I have been thinking that sum(abs2, v) is a more efficient way to calculate the sum of the absolute squares of the entries of a vector v than v⋅v. It is indeed a case for a real vector:
julia> VERSION
v"0.6.3-pre.0"
julia> using BenchmarkTools
julia> v = rand(10000);
julia> @btime $v⋅$v;
2.659 μs (0 allocations: 0 bytes)
julia> @btime sum(abs2, $v);
944.071 ns (0 allocations: 0 bytes)
I thought sum(abs2, v) is an even better choice than v⋅v for a complex vector v, because the former returns a real number whereas the latter returns a complex number (with a zero imaginary part). On the contrary, v⋅v turns out to be faster for a complex vector:
julia> using BenchmarkTools
julia> v = rand(Complex128, 1000); #only 1000, not 10_000
julia> @benchmark $v' * $v
BenchmarkTools.Trial:
memory estimate: 0 bytes
allocs estimate: 0
--------------
minimum time: 593.893 ns (0.00% GC)
median time: 594.764 ns (0.00% GC)
mean time: 629.369 ns (0.00% GC)
maximum time: 1.130 μs (0.00% GC)
--------------
samples: 10000
evals/sample: 178
julia> @benchmark sum(abs2, $v)
BenchmarkTools.Trial:
memory estimate: 0 bytes
allocs estimate: 0
--------------
minimum time: 1.229 μs (0.00% GC)
median time: 1.230 μs (0.00% GC)
mean time: 1.267 μs (0.00% GC)
maximum time: 4.412 μs (0.00% GC)
--------------
samples: 10000
evals/sample: 10
julia> function self_dot(x::AbstractArray{Complex{T}}) where T
out = zero(T)
@simd for xi ∈ x
out += real(xi)*real(xi)+imag(xi)*imag(xi)
end
out
end
self_dot (generic function with 1 method)
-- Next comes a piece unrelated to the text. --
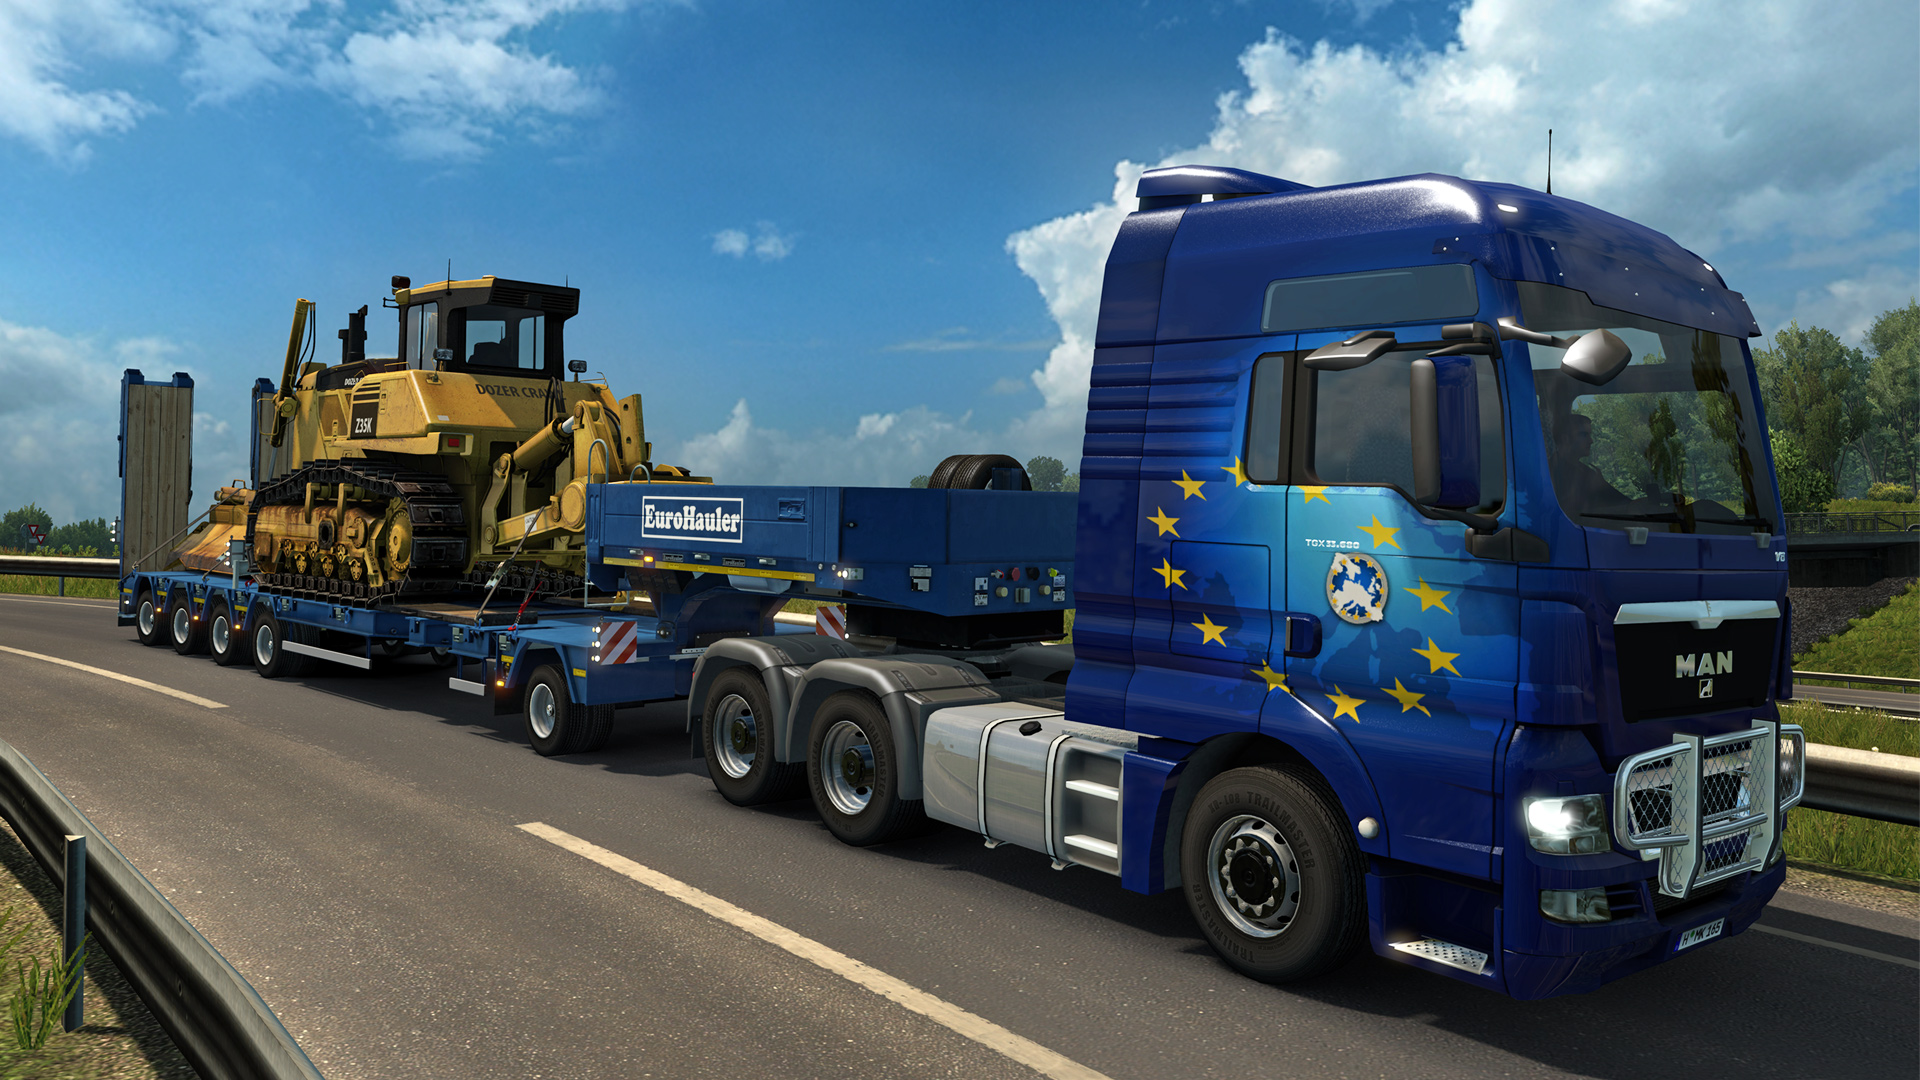 euro truck simulator 2 maps mod

julia> @benchmark self_dot($v)
BenchmarkTools.Trial:
memory estimate: 0 bytes
allocs estimate: 0
--------------
minimum time: 1.232 μs (0.00% GC)
median time: 1.233 μs (0.00% GC)
mean time: 1.291 μs (0.00% GC)
maximum time: 9.393 μs (0.00% GC)
--------------
samples: 10000
evals/sample: 10
julia> function self_dot2(x::AbstractArray{Complex{T}}) where T
out = zero(T)
n, r = divrem(length(x),2)
@inbounds begin
@simd for i ∈ 1:n
out += real(x[2i-1])*real(x[2i-1])+imag(x[2i-1])*imag(x[2i-1])+real(x[2i])*real(x[2i])+imag(x[2i])*imag(x[2i])
end
if r == 1
out += real(x[end])*real(x[end])+imag(x[end])*imag(x[end])
end
end
out
end
self_dot2 (generic function with 1 method)
julia> @benchmark self_dot2($v)
BenchmarkTools.Trial:
memory estimate: 0 bytes
allocs estimate: 0
--------------
minimum time: 704.069 ns (0.00% GC)
median time: 727.104 ns (0.00% GC)
mean time: 741.079 ns (0.00% GC)
maximum time: 1.056 μs (0.00% GC)
--------------
samples: 10000
evals/sample: 144
I’m guessing the reason why reinterpret-ing as a real vector is faster is because the compiler is free to choose the order in which elements are summed and this enables effective use of SIMD instructions. Addition is not associative for floating point numbers, so when abs2 explicitly adds elements pairwise inside the sum reduction, the compiler should not override that. (If the two numbers in a pair were of opposite sign, this could have a significant effect on the result, but here we know that they are both nonnegaitive.)